» **Supplied information**
= Beginning of Section =

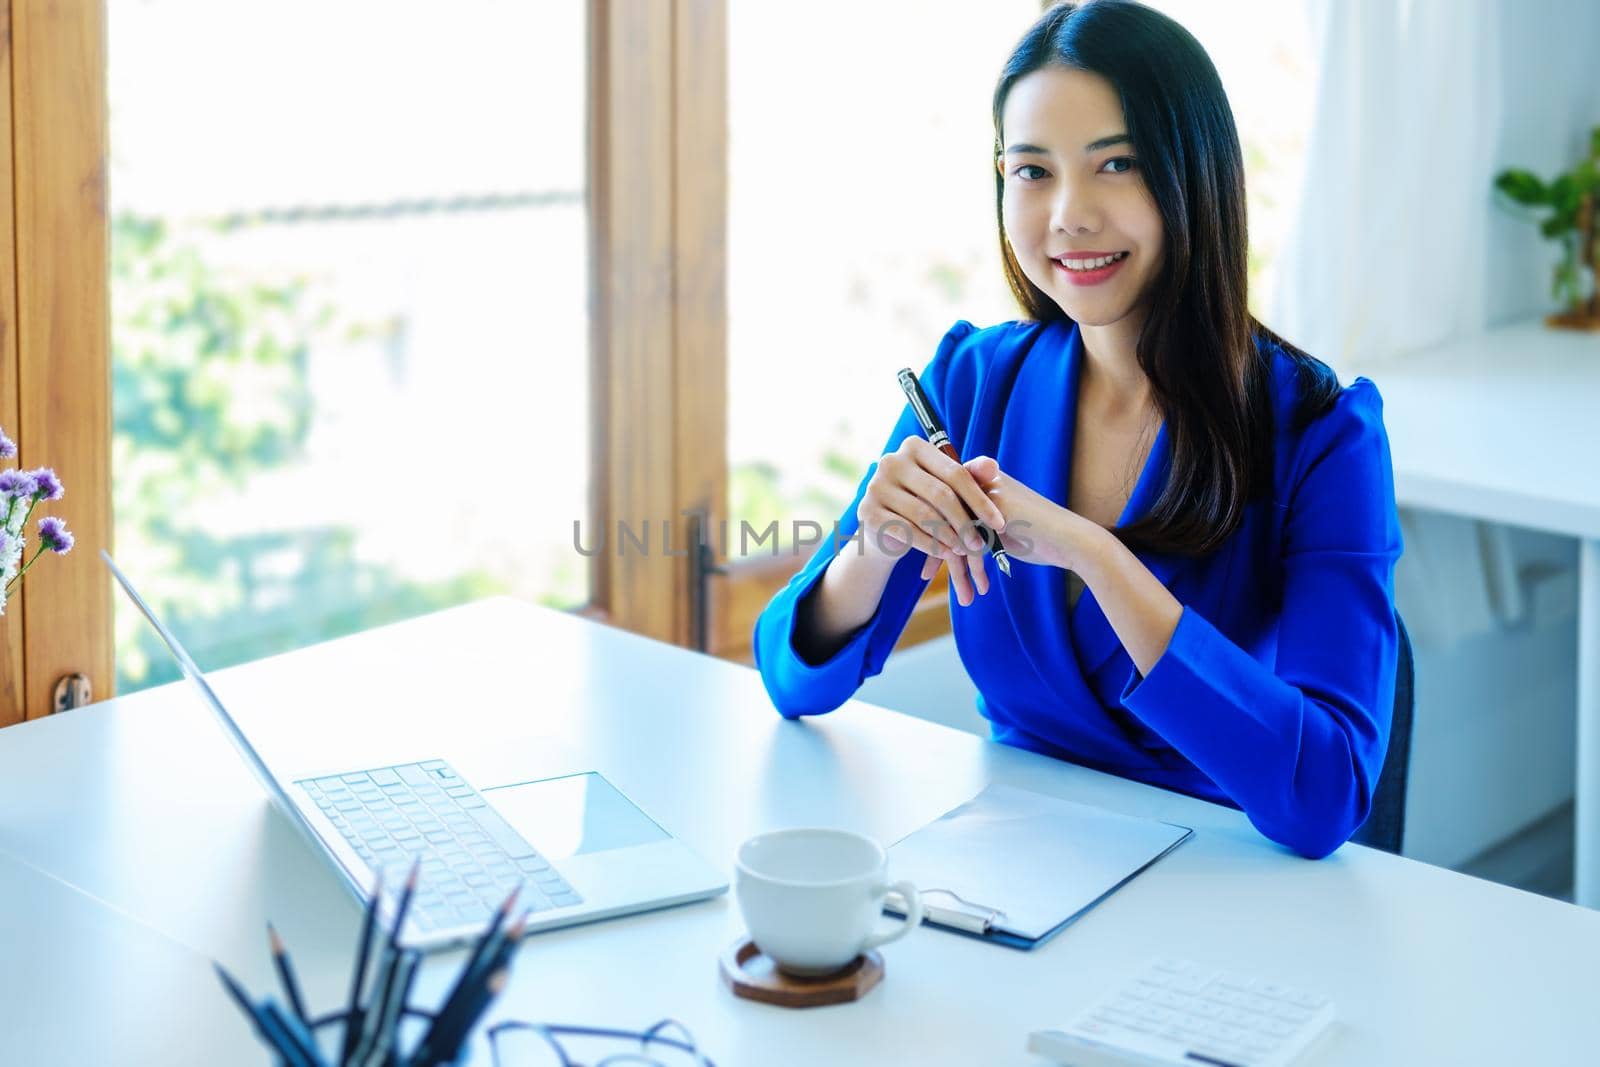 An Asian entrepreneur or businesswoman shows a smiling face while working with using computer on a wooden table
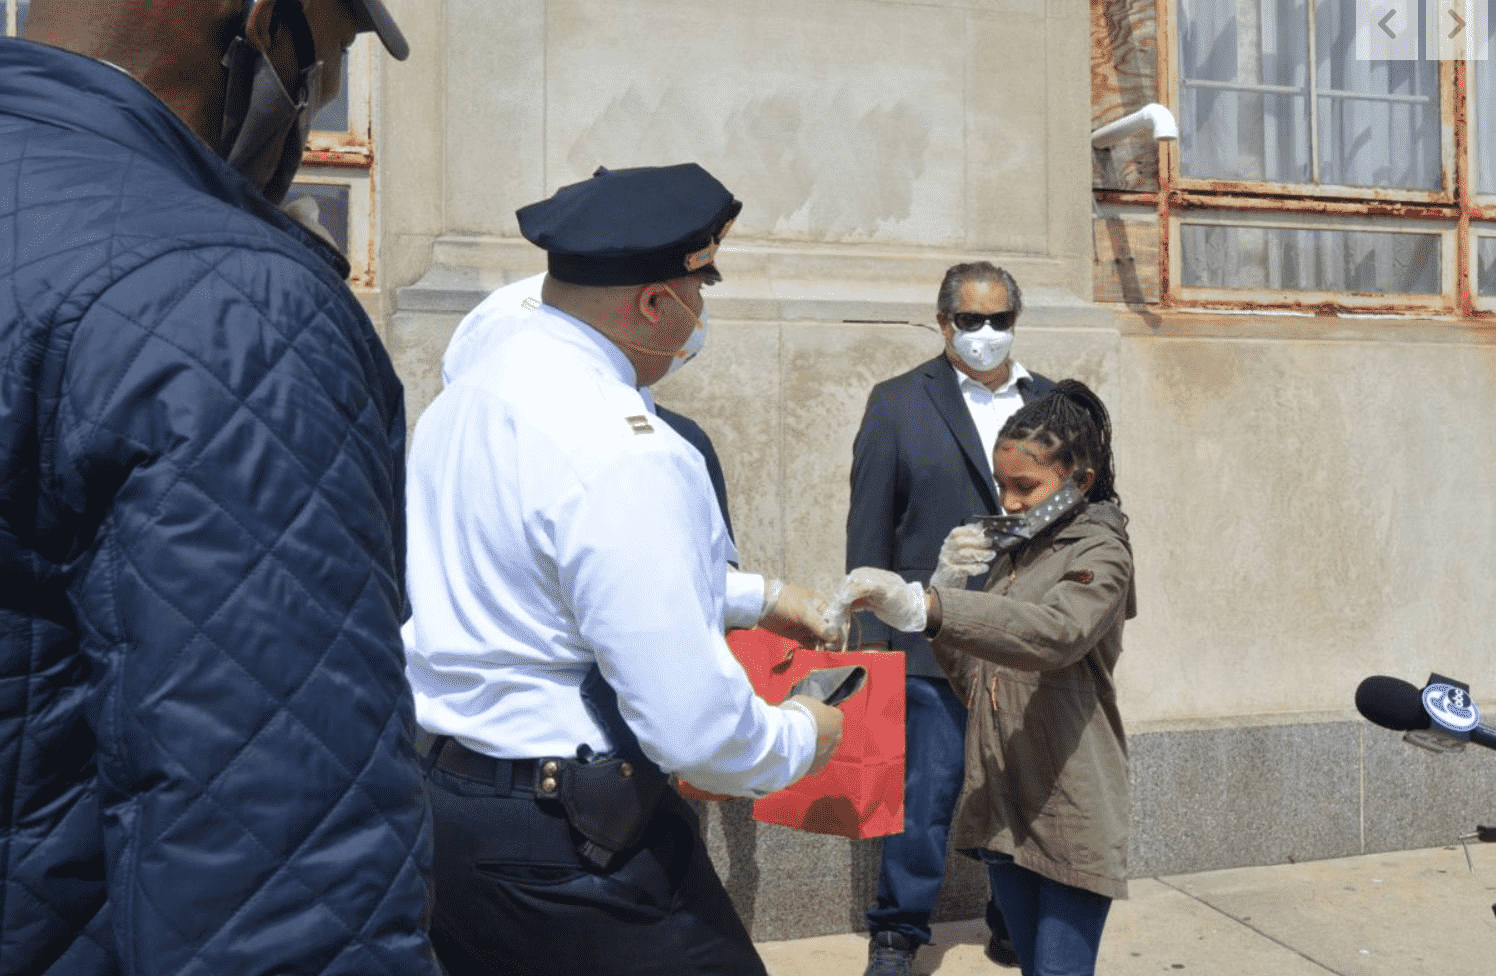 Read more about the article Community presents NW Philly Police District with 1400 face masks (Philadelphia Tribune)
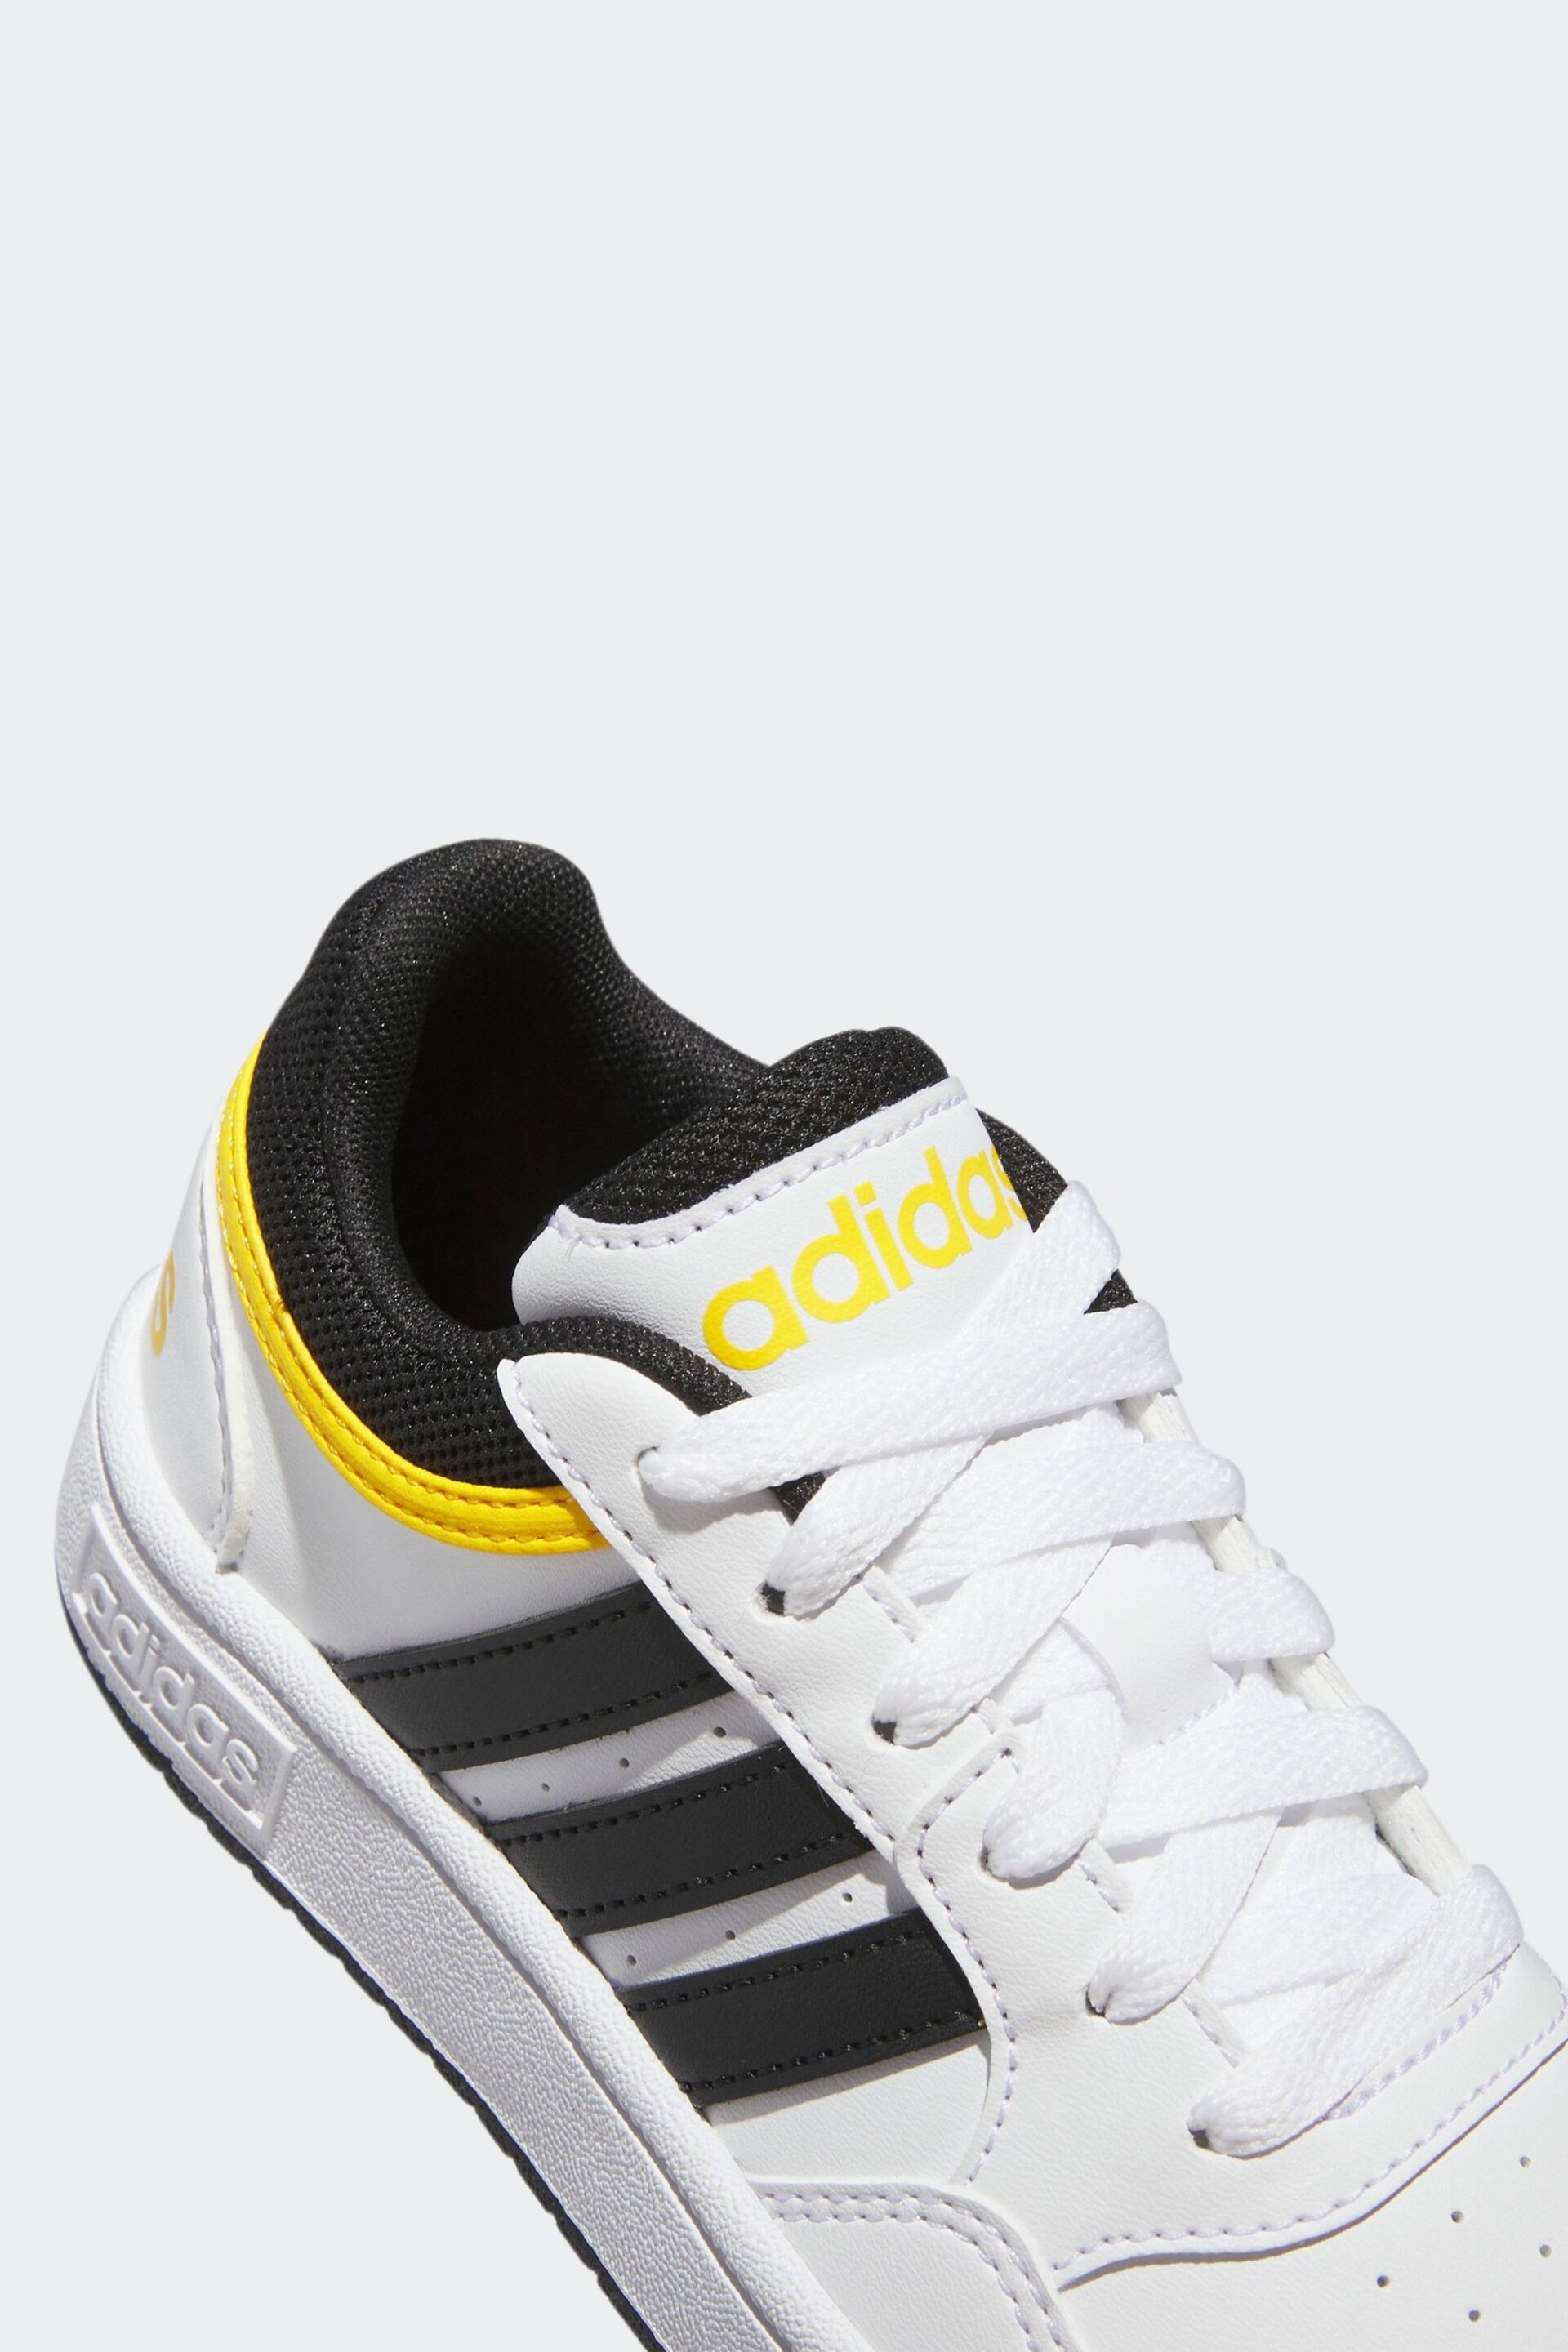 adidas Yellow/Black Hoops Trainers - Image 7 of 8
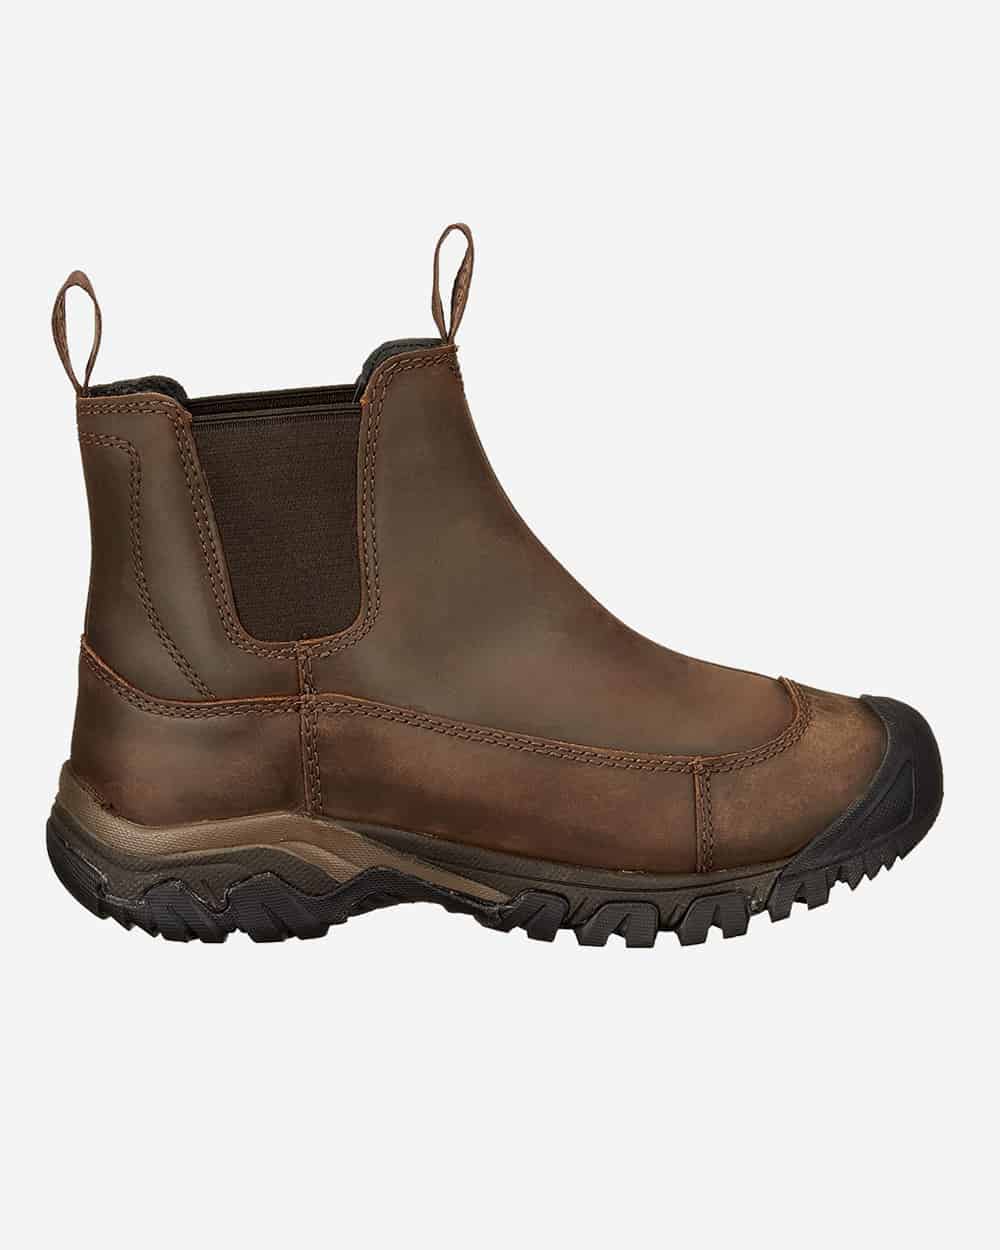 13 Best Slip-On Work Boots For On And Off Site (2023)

= End of Section =

» **Task to carry out**
Exactly the lines from the line with "adidas Yellow/Black Hoops" through the last line of the listing, both included, should be extracted, and the pictures left behind.

» **Solution to this exercise**
 adidas Yellow/Black Hoops Trainers - Image 7 of 8
 13 Best Slip-On Work Boots For On And Off Site (2023)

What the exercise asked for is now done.